== Provided entries ==
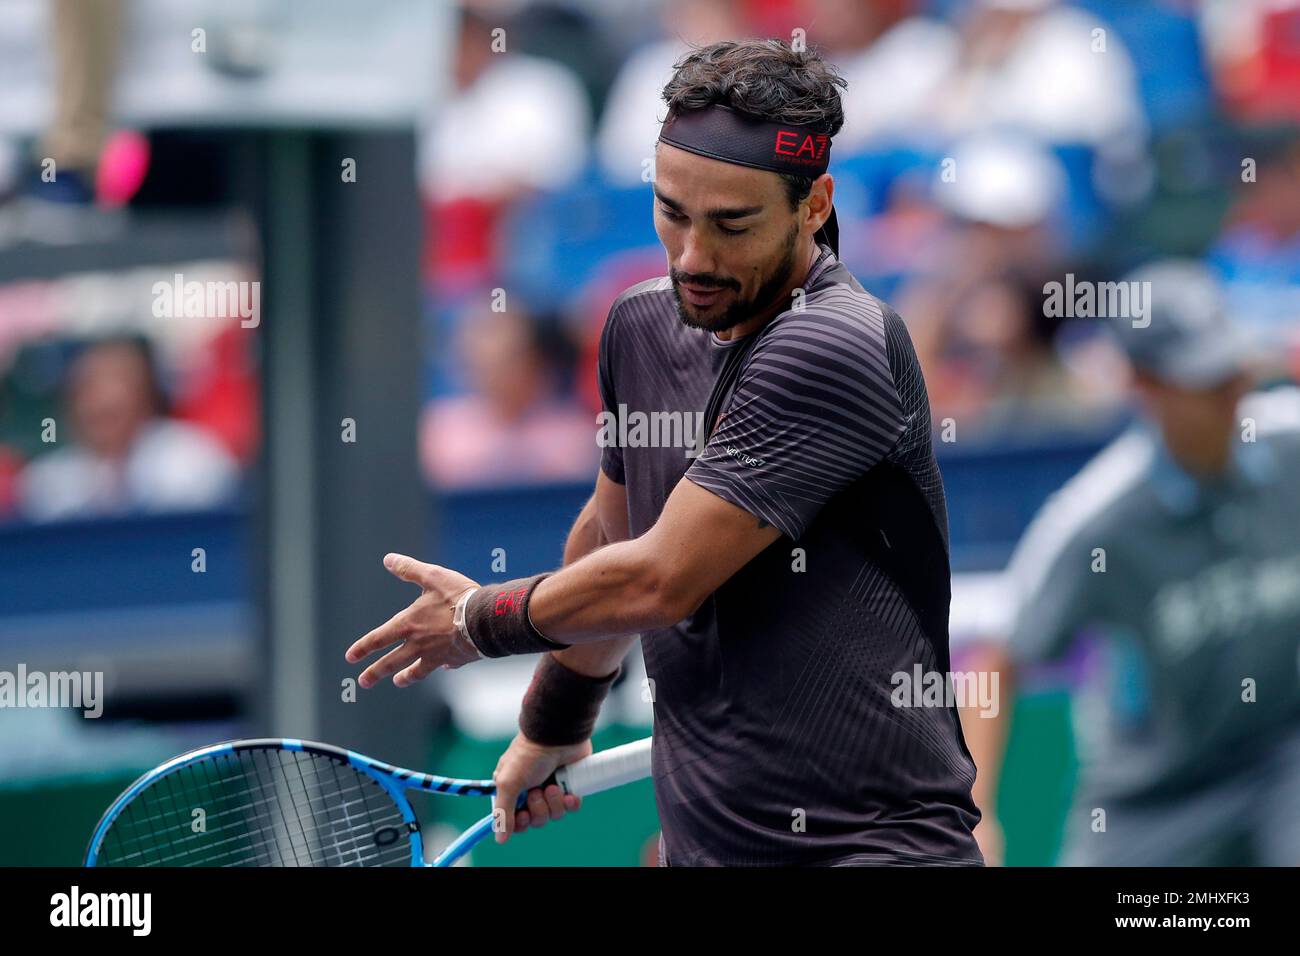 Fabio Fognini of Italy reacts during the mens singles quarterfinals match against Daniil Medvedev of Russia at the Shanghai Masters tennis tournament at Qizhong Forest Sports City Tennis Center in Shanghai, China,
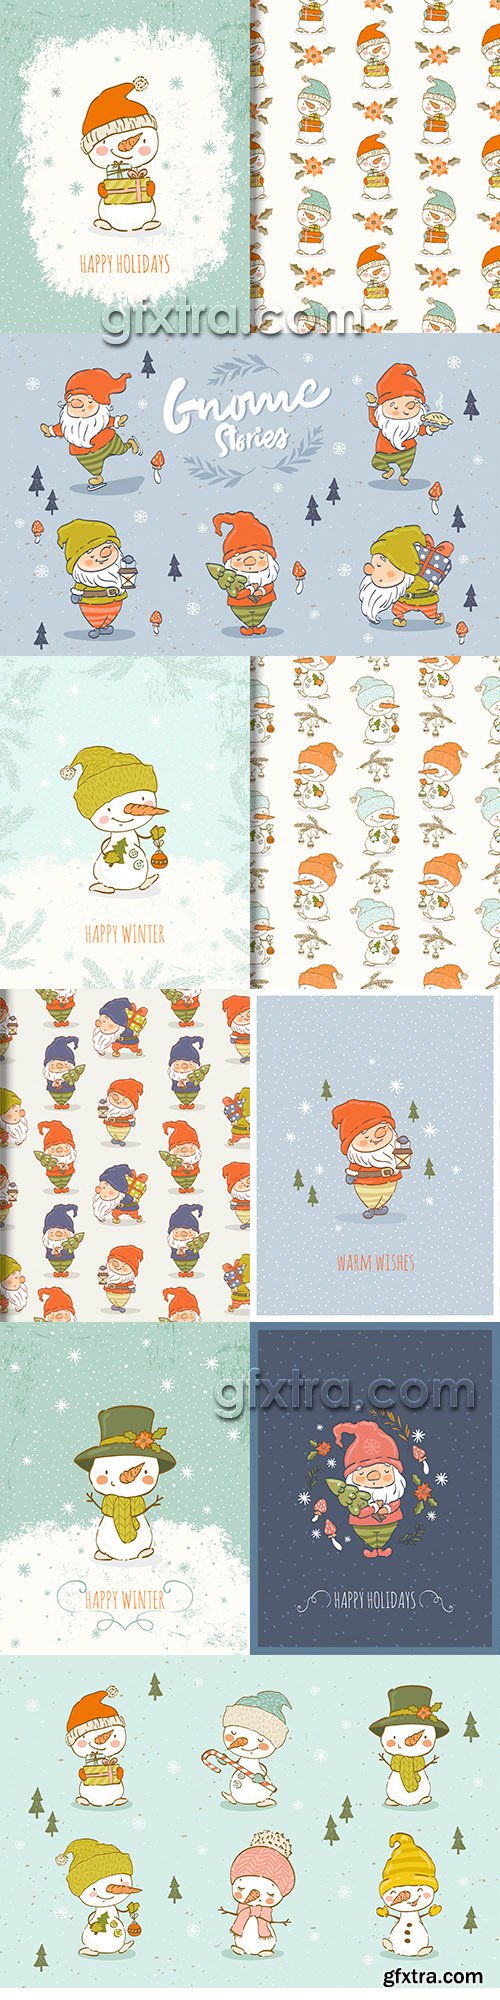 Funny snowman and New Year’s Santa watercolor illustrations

...

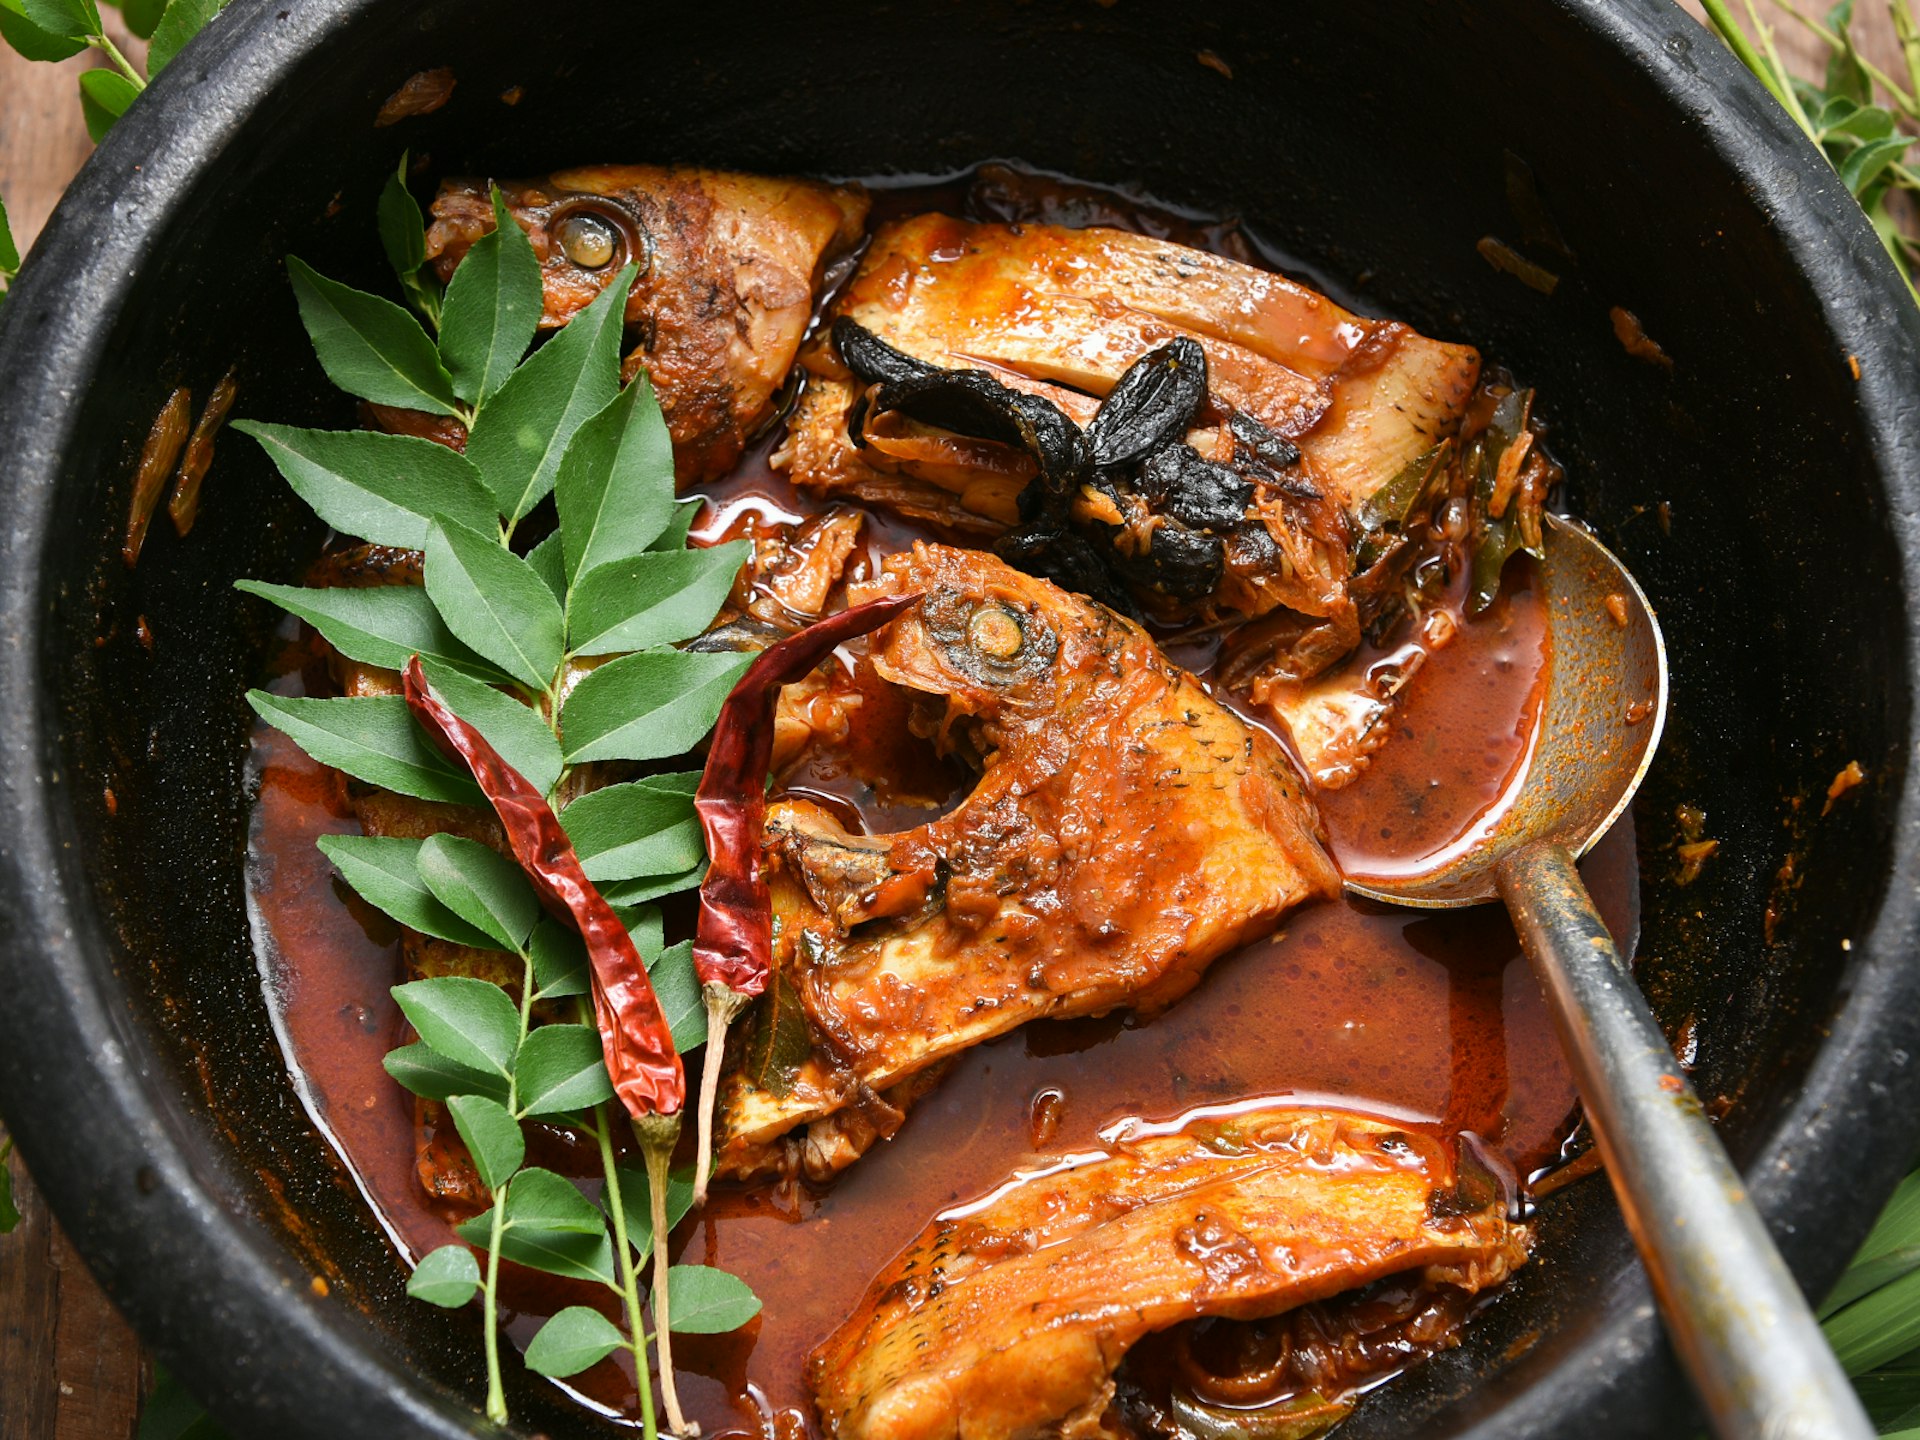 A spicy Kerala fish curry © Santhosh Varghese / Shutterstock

==

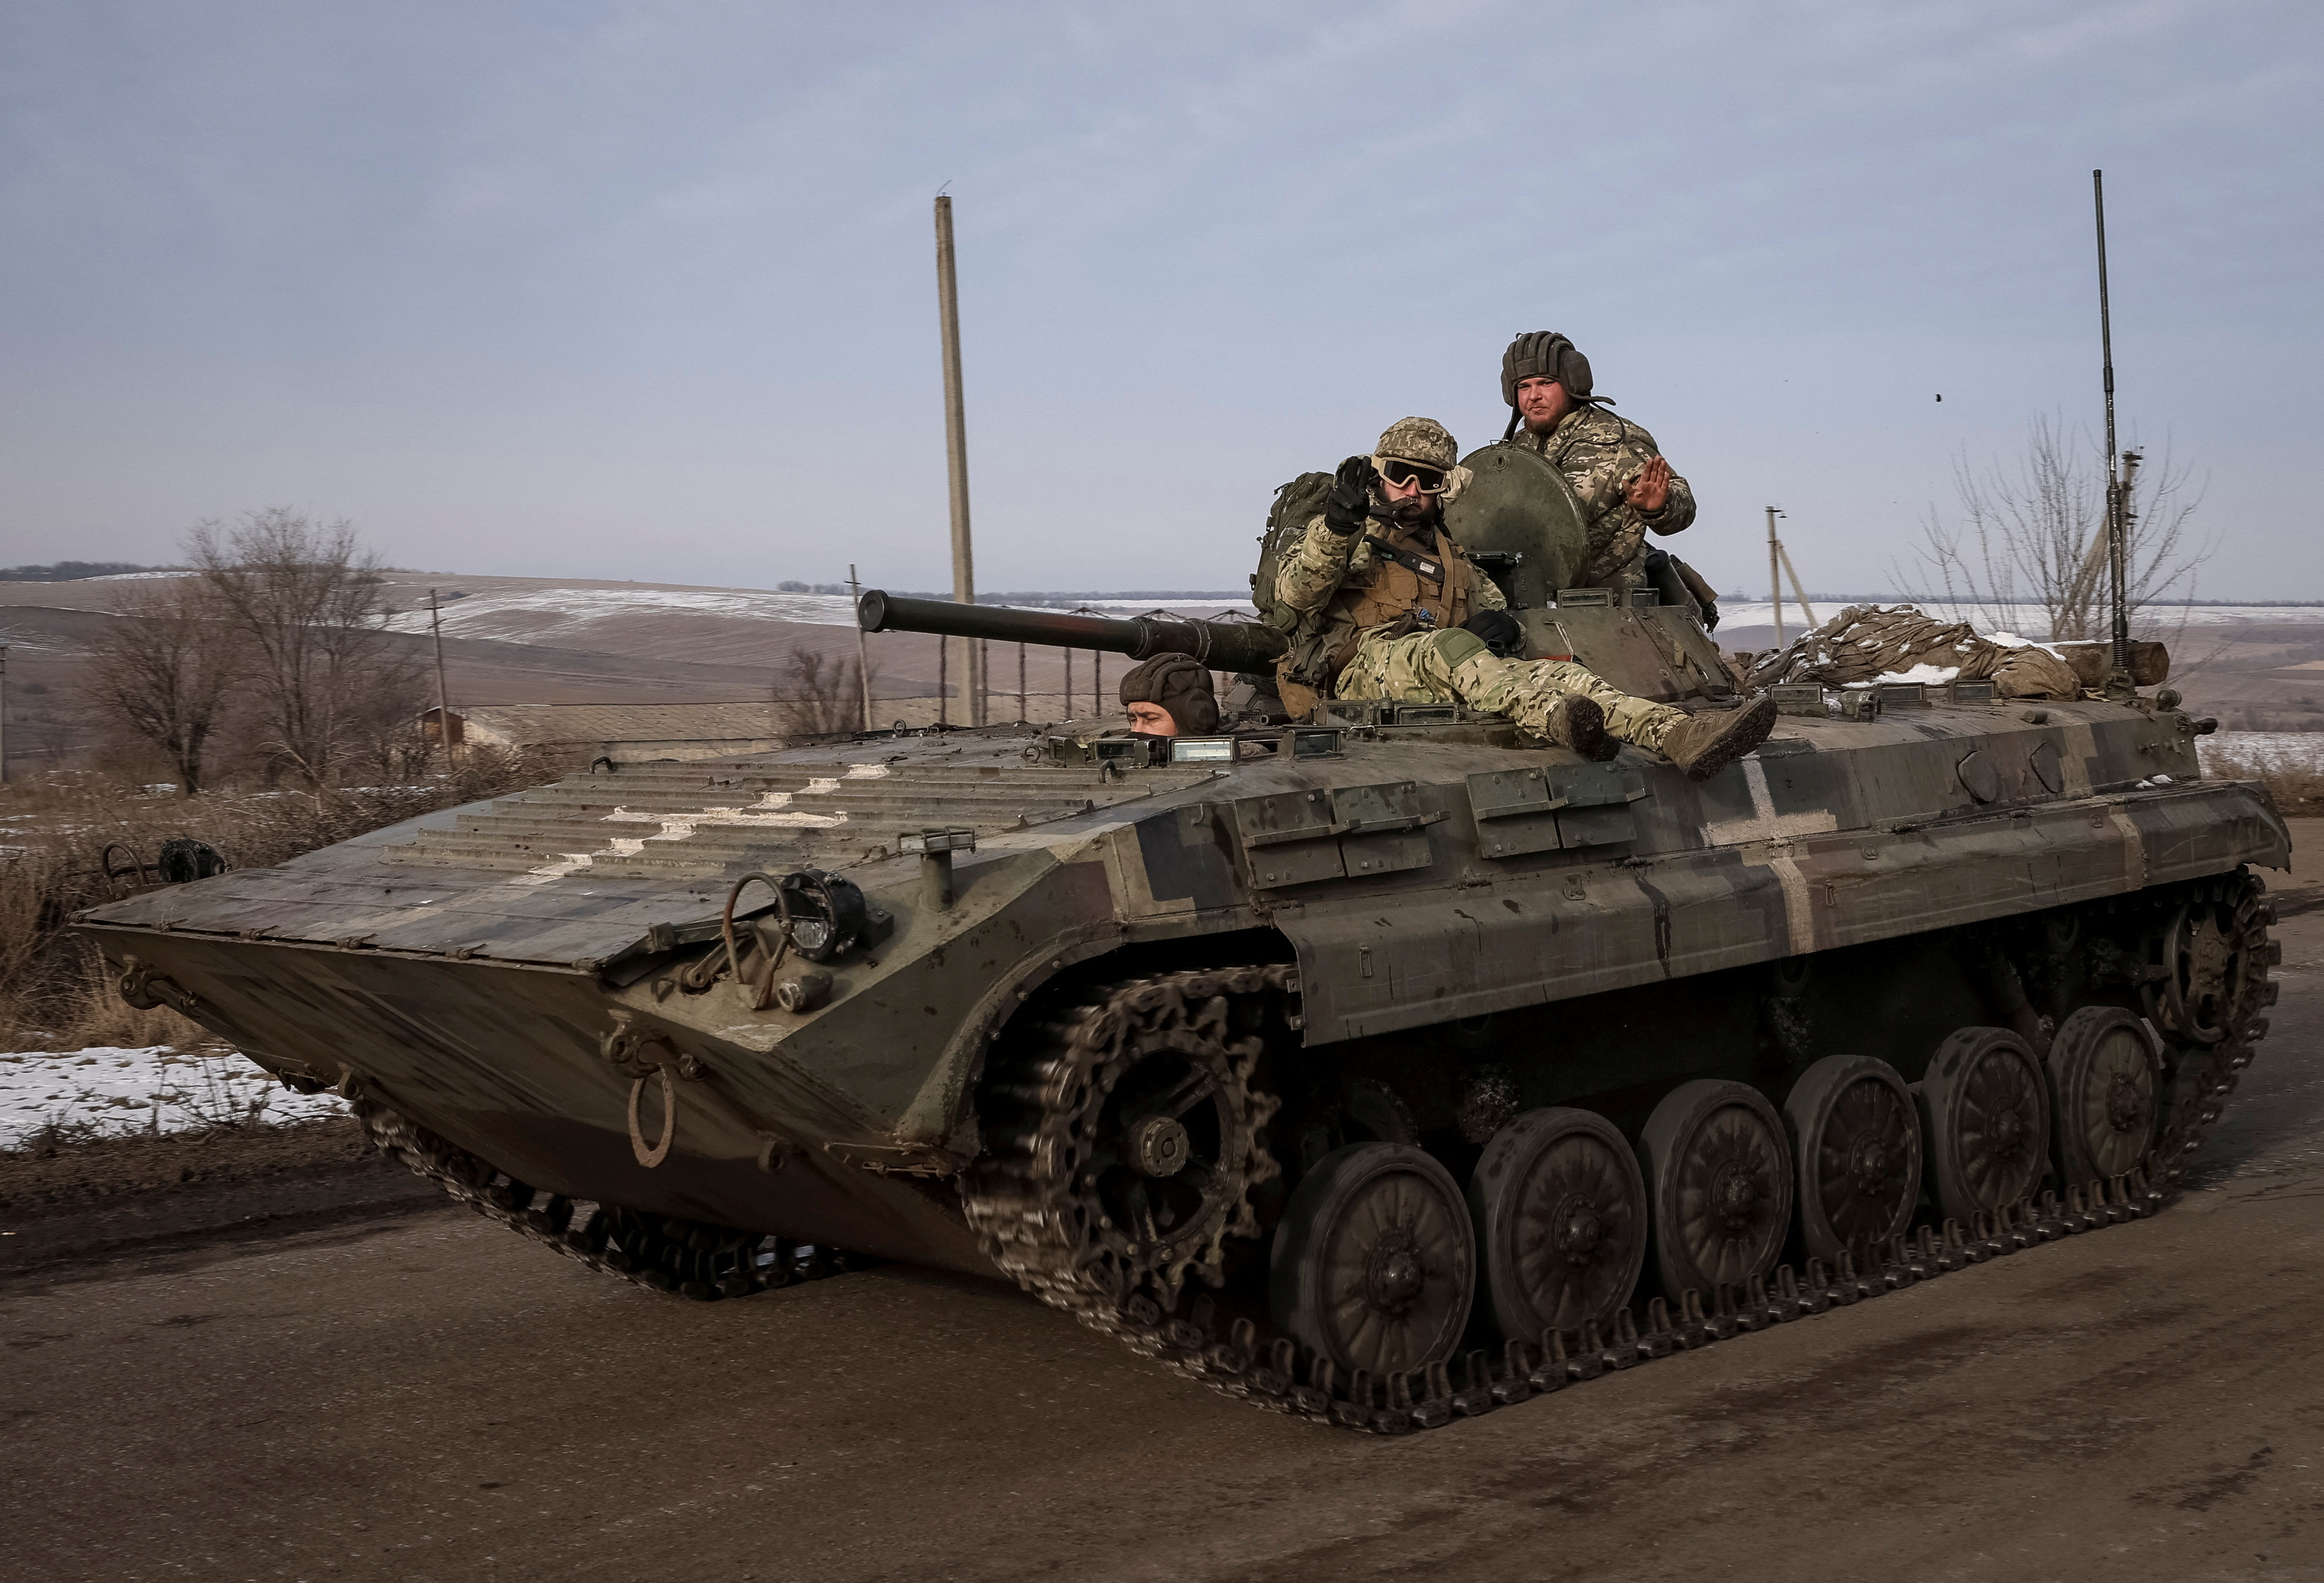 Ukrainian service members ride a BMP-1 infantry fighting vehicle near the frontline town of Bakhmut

== Task to carry out ==
Set down exactly the lines above, from the line containing "Fabio Fognini of" through the line containing "Funny snowman and". Skip the pictures.

== Solution for this problem ==
 Fabio Fognini of Italy reacts during the mens singles quarterfinals match against Daniil Medvedev of Russia at the Shanghai Masters tennis tournament at Qizhong Forest Sports City Tennis Center in Shanghai, China,
 Funny snowman and New Year’s Santa watercolor illustrations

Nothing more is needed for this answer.